Have you seen Wasp Spiders?
Our first was photographed in the churchyard in 2017. The first recorded in Britain was in 1922, in Kent. They are moving north from southern Europe, global warming probably helping them survive our milder winters. Now they are found, sometimes in great numbers from Norfolk to Cornwall. This solitary female, about 16mm long appeared here this year.
She caught about one grasshopper a day. Each of her prey was first tightly wrapped in silk. Her bite then paralysed it. She then injected an enzyme to dissolve its protein. Female wasp spiders usually eat their diminutive, brown male partner after mating. This has the merit of recycling his protein. There is no record however of any wasp spider ever harming a human being.

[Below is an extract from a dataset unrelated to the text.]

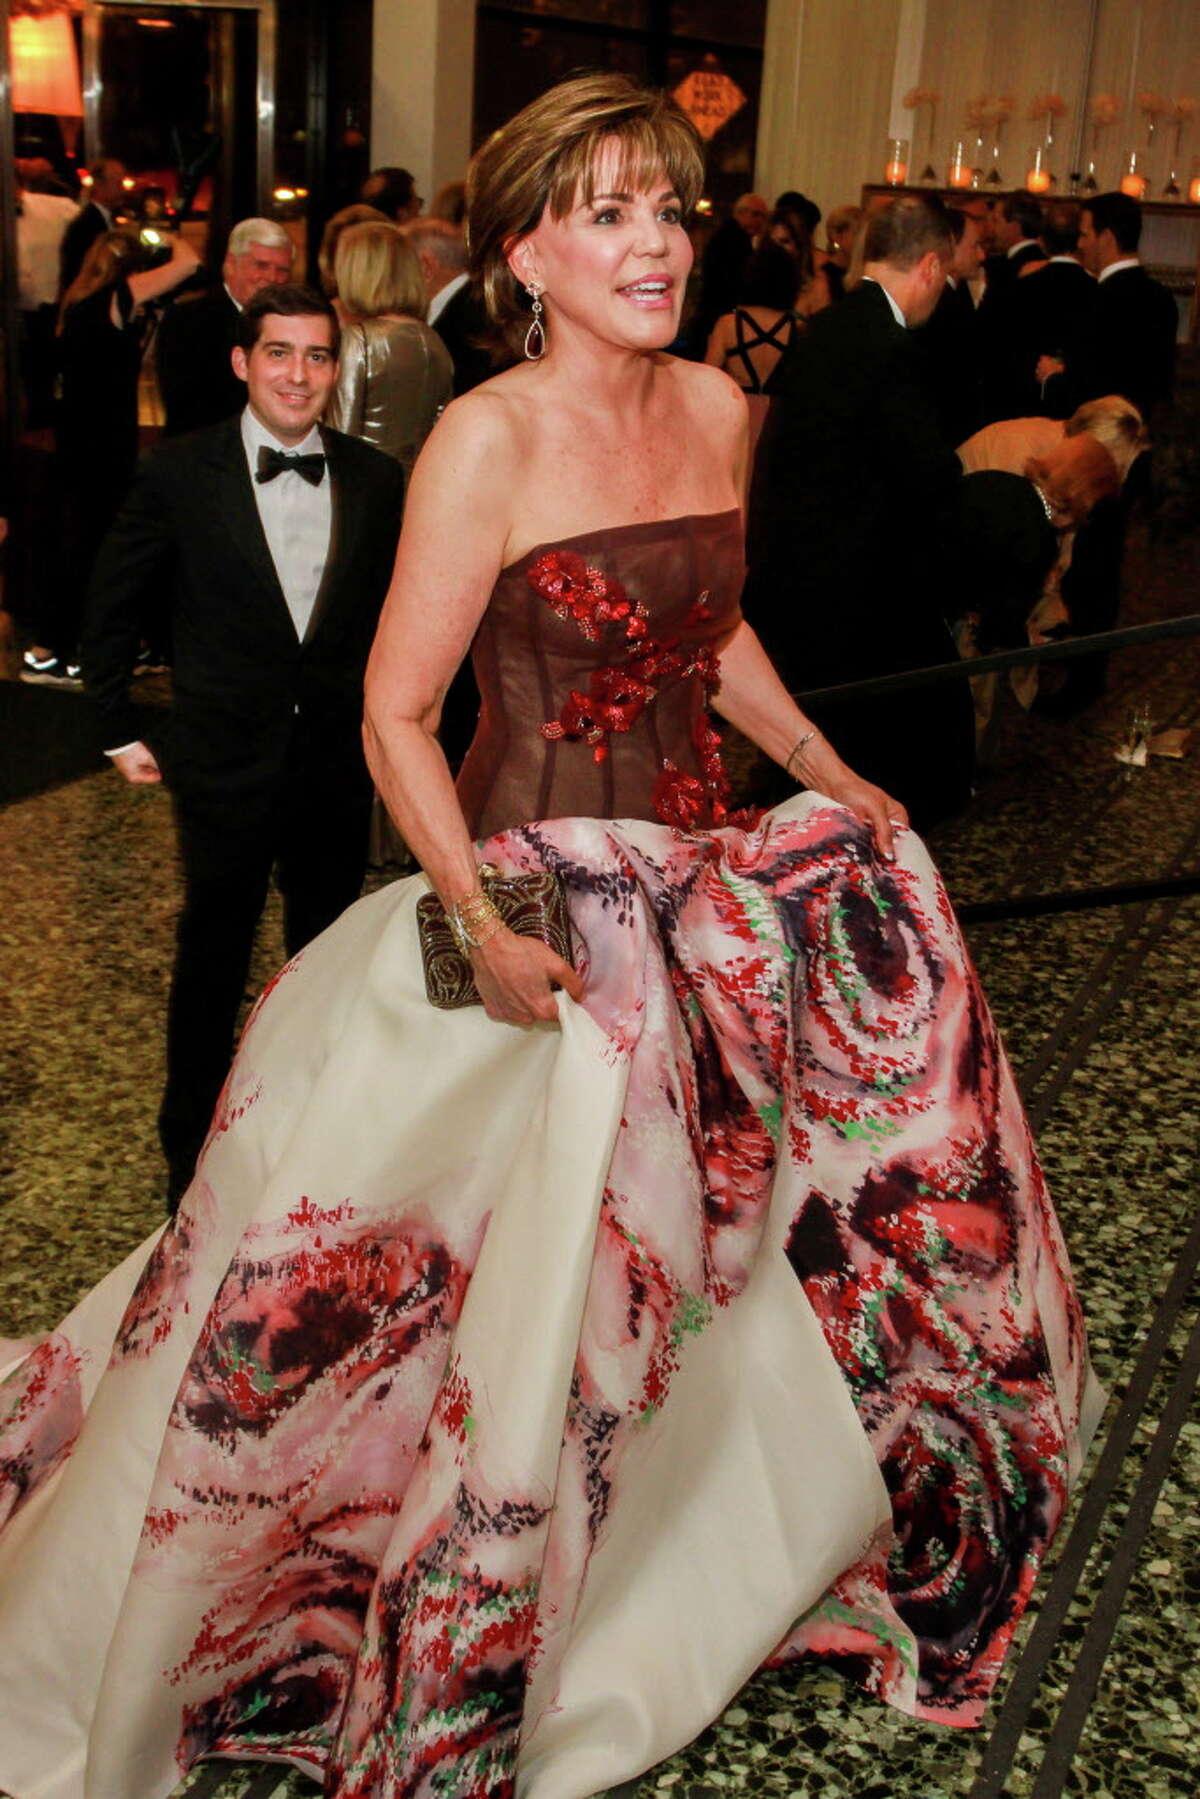 Hallie Vanderhider at the MFAH Grand Gala Ball.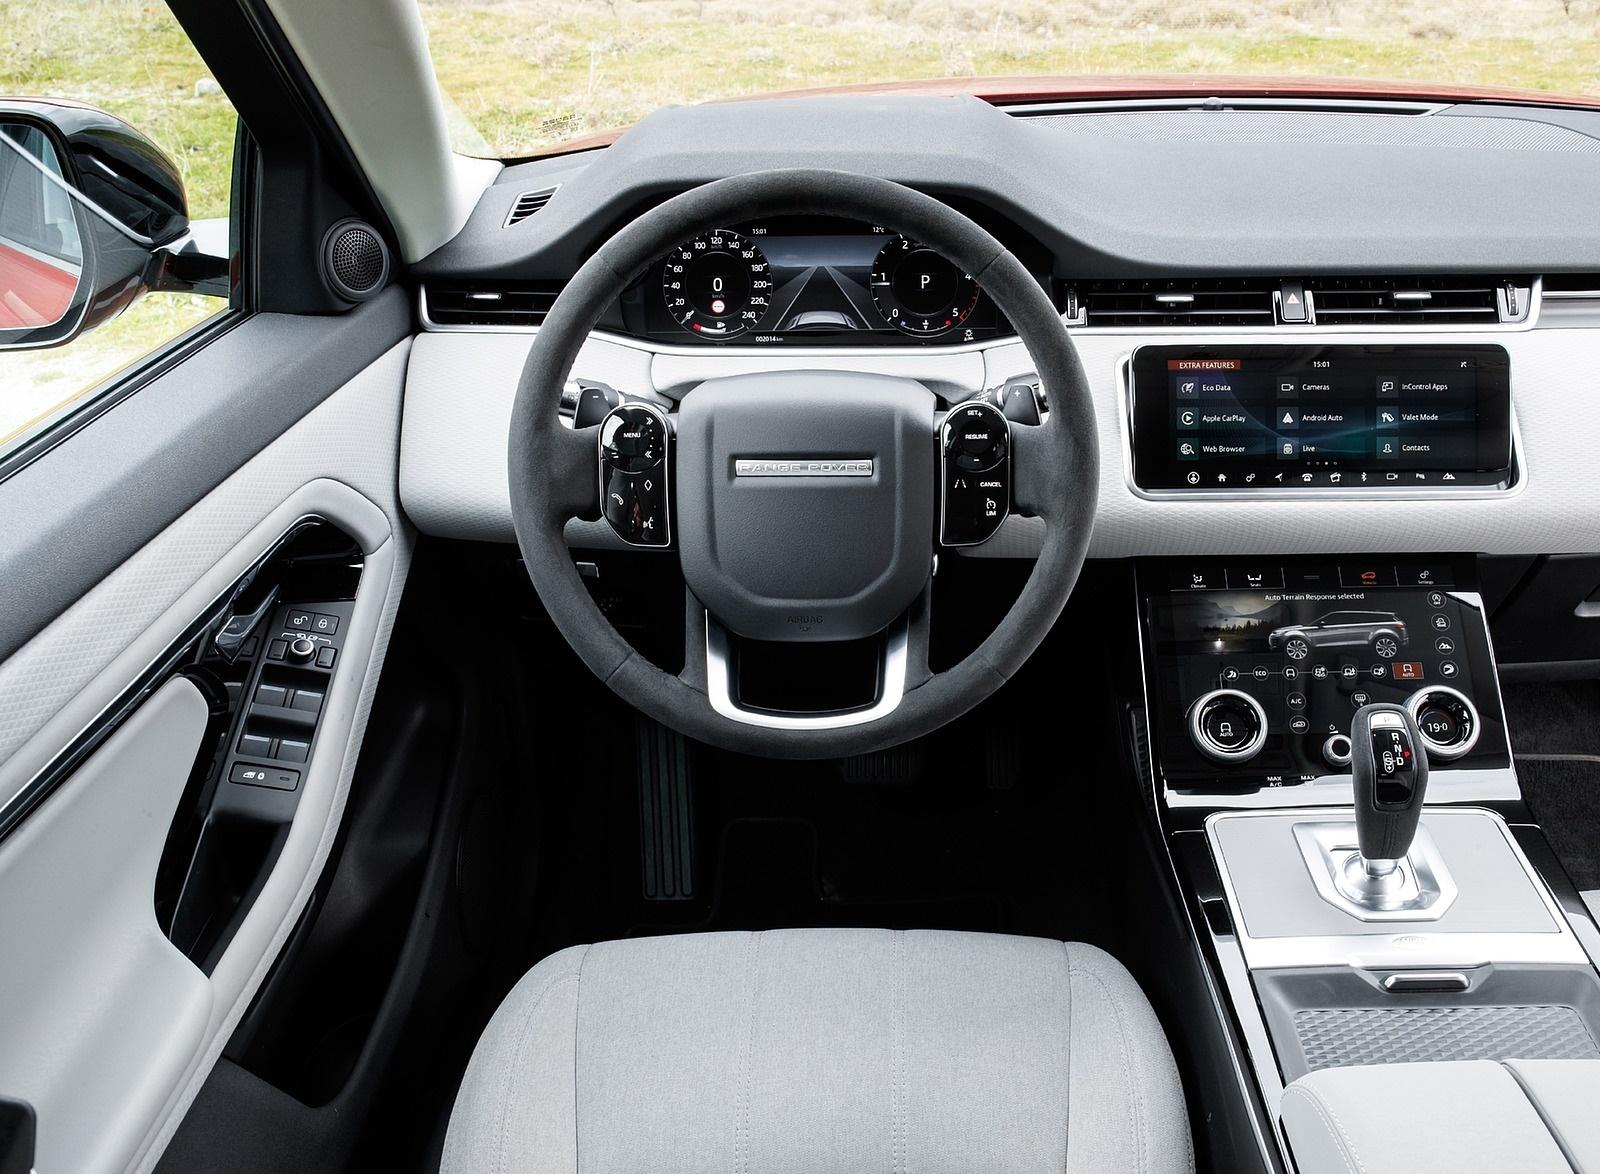 2020 Range Rover Evoque Interior Cockpit Wallpapers (15)

Scientists are unsure if the purpose of the extraordinary zigzag white ribbon she spins in white silk on the web in front of her is to attract insects. But grasshoppers caught in her web usually demolish it. Wasp spider webs, unlike the ones spun across our paths by garden spiders later in the autumn, are not at face-height. They are less than a half a metre above the ground, in hollows within tall grass, usually where wildflowers are attracting insects.
Look out for the small area marked out with string to protect her when the grass was cut. It is north of the Church Extension. Although she would probably not survive our winter herself, her hundreds of spiderlings should hatch out next May. Our spider may be the granddaughter of the first one recorded here in 2017.
In spite of their black and yellow stripes, wasp spiders seem surprisingly good at concealing themselves. She herself vanished after three weeks.
A search will be made for the small silk cocoons she spins in the grass to contain her eggs, in the hope that they survive.